Again, Cheryl's face changed. But this time she was not able to recover nearly as well as she had the first time. Her lip quivered slightly, as though she had never been turned down before. And perhaps she hadn't - most people didn't tend to turn down the attentions of women like her, Scott knew.

But then, most people didn't have families that had been stolen from them, either. Most people could afford to live in the present, because they had something worth living for there. But Scott was not most people. He could not afford to live in the present, because to do so would be to lose the most important and defining parts of his life. He was already starting to lose the memories of his wife and son; he could not bear to complete the process by crowding out what little remained with new experiences with other people.

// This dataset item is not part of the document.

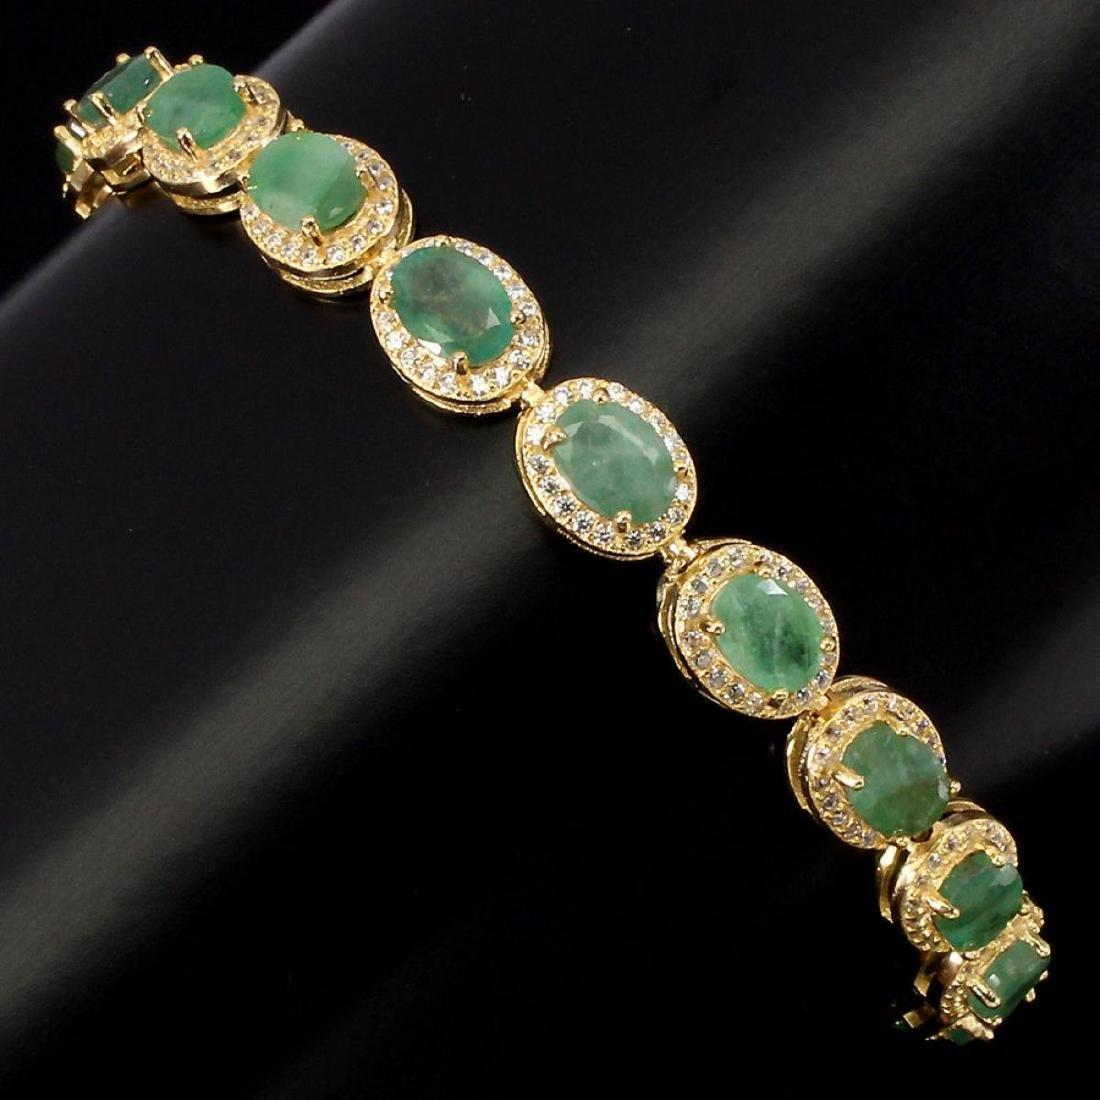 Natural Oval 7x5mm Top Rich Green Emerald Bracelet - 2
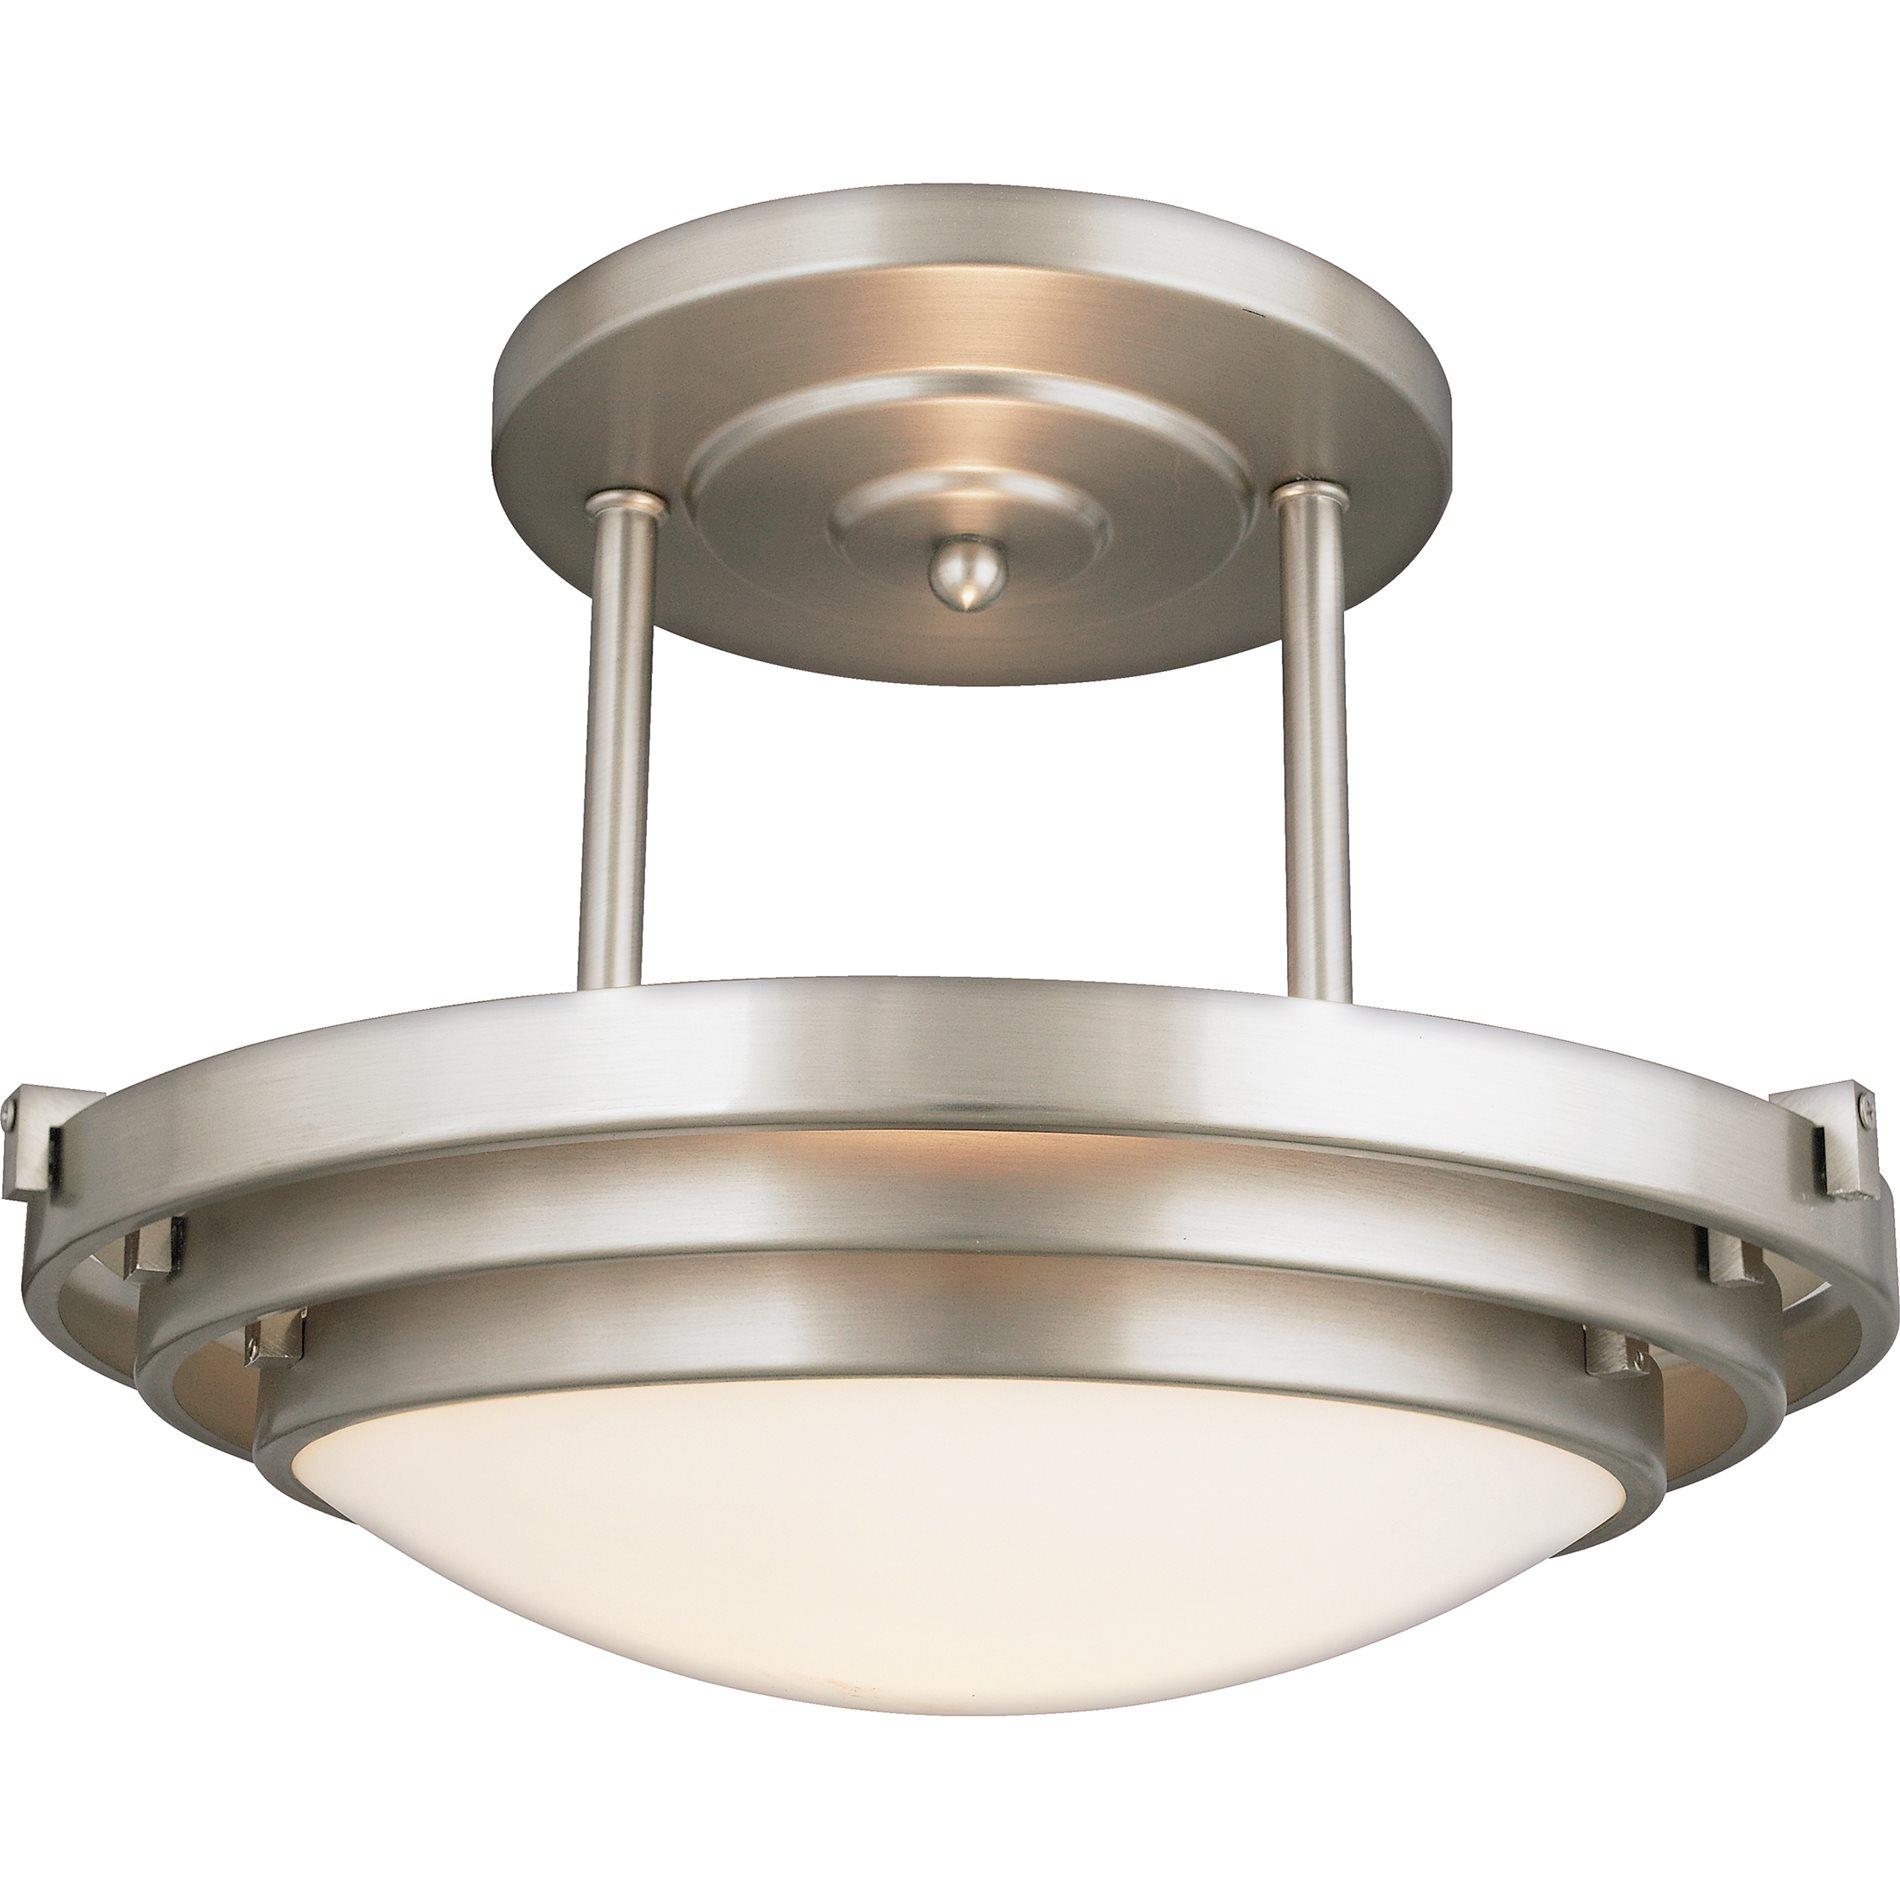 Quoizel EL1284CB Electra Modern  Contemporary Semi Flush Mount Ceiling Light QZEL1284CB

Cheryl looked like she was going to cry, but Scott didn't know what to do about that. Should he comfort her? Hardly. That would be inviting her to knock on the doors of his heart even harder than she had been doing before. But he didn't feel right just leaving, either. He wasn't a monster. Or at least, he had never thought of himself as a monster. But perhaps he was wrong about that. Maybe he was nothing but a monster, nothing but a Dr. Jekyll inhabiting the destroyed world of a once-happy Mr. Hyde. Maybe the darkness that lived in his heart had finally escaped into the rest of his life, and would now be an ever-present companion, a new source of misery in Scott's already miserable world.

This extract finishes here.